From the findings, it is clear that ask posts have more comments on average compare to show posts. Now. let see the ask post data by hour and analyse how many commentsand postsare received every hour. And also, we will calculate the average comments each post receive on hour basis.

In [68]:
import datetime as dt 

result_list = []
for row in ask_posts:
    created_at = row[6]
    num_comments = int(row[4])
    result_list.append([created_at,num_comments])

counts_by_hour = {}
comments_by_hour = {}
for result in result_list:
    time_ = result[0]
    comments = result[1]
    date_time = dt.datetime.strptime(time_,"%m/%d/%Y %H:%M")
    time_hour = date_time.strftime("%H")
    if time_hour not in counts_by_hour:
        counts_by_hour[time_hour] = 1
        comments_by_hour[time_hour] = comments
    else:
        counts_by_hour[time_hour] += 1
        comments_by_hour[time_hour] += comments
        
# counts_by_hour
# comments_by_hour

In [73]:
avg_by_hour =  [] # average number of comments per posts each hour 
for hour in counts_by_hour:
    avg_by_hour.append([hour,comments_by_hour[hour]/counts_by_hour[hour]])
avg_by_hour

[['10', 13.440677966101696],
 ['14', 13.233644859813085],
 ['17', 11.46],
 ['12', 9.41095890410959],
 ['22', 6.746478873239437],
 ['13', 14.741176470588234],
 ['07', 7.852941176470588],
 ['16', 16.796296296296298],
 ['09', 5.5777777777777775],
 ['00', 8.127272727272727],
 ['23', 7.985294117647059],
 ['15', 38.5948275862069],
 ['06', 9.022727272727273],
 ['19', 10.8],
 ['11', 11.051724137931034],
 ['18', 13.20183486238532],
 ['21', 16.009174311926607],
 ['20', 21.525],
 ['03', 7.796296296296297],
 ['02', 23.810344827586206],
 ['04', 7.170212765957447],
 ['01', 11.383333333333333],
 ['05', 10.08695652173913],
 ['08', 10.25]]

It is the best practice of analyst to sort the data for clear observation.

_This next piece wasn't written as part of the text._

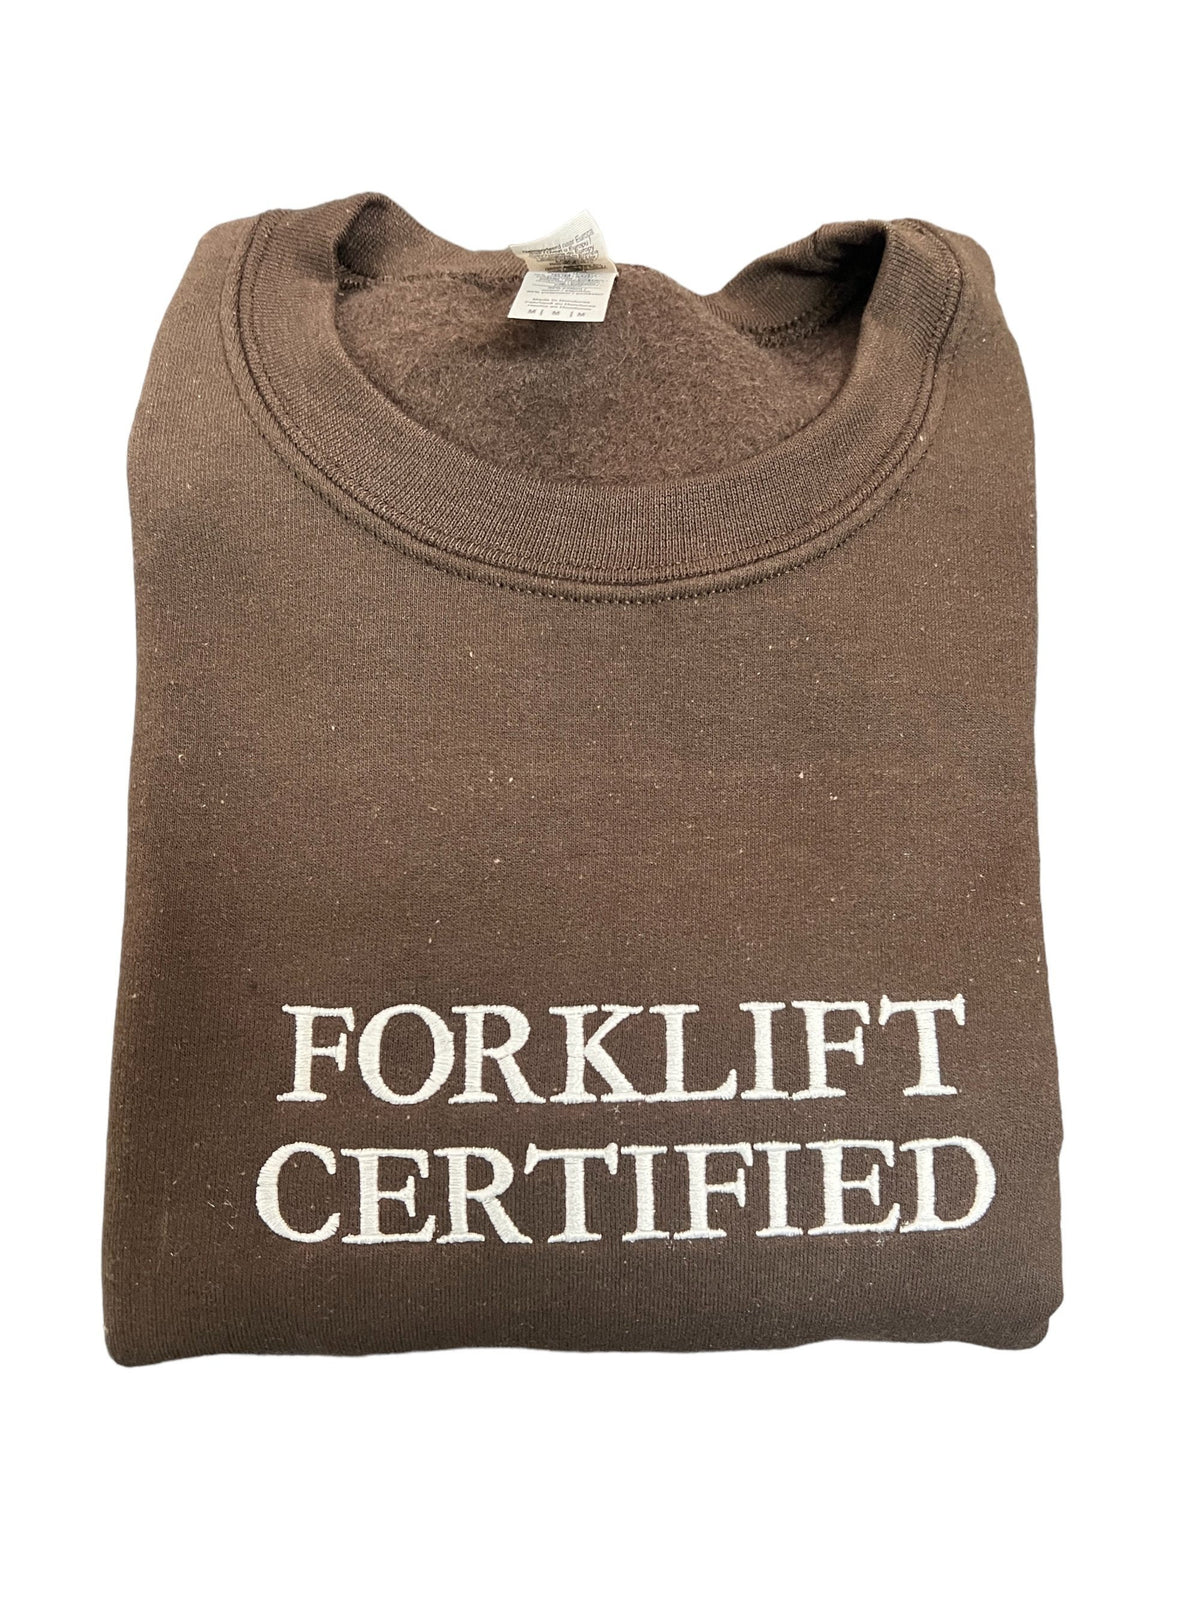 Forklift Certified Embroidered Unisex Shirt- Stacked

Hence, we are sorting our data based on the average comments per post.

In [80]:
swap_avg_by_hour = []
for list in avg_by_hour:
    swap_avg_by_hour.append([list[1],list[0]])
sorted_swap = sorted(swap_avg_by_hour,reverse=True)

print("Top 5 Hours for Ask Posts Comments")
for list in sorted_swap[:5]:
    time_hour = dt.datetime.strptime(str(list[1]),"%H")
    time_hour = time_hour.strftime("%H:%M")
    print("{}: {:.2f} average comments per post".format(time_hour,list[0]))

Top 5 Hours for Ask Posts Comments
15:00: 38.59 average comments per post
02:00: 23.81 average comments per post
20:00: 21.52 average comments per post
16:00: 16.80 average comments per post
21:00: 16.01 average comments per post


From the data, we came to conclusion that 3:00 pm has best average ratio on comments per post on hourly basis. Hence, it can be considered the best time to post. However, from the second best ratio, we can see that post time is not the only factor to receive comments.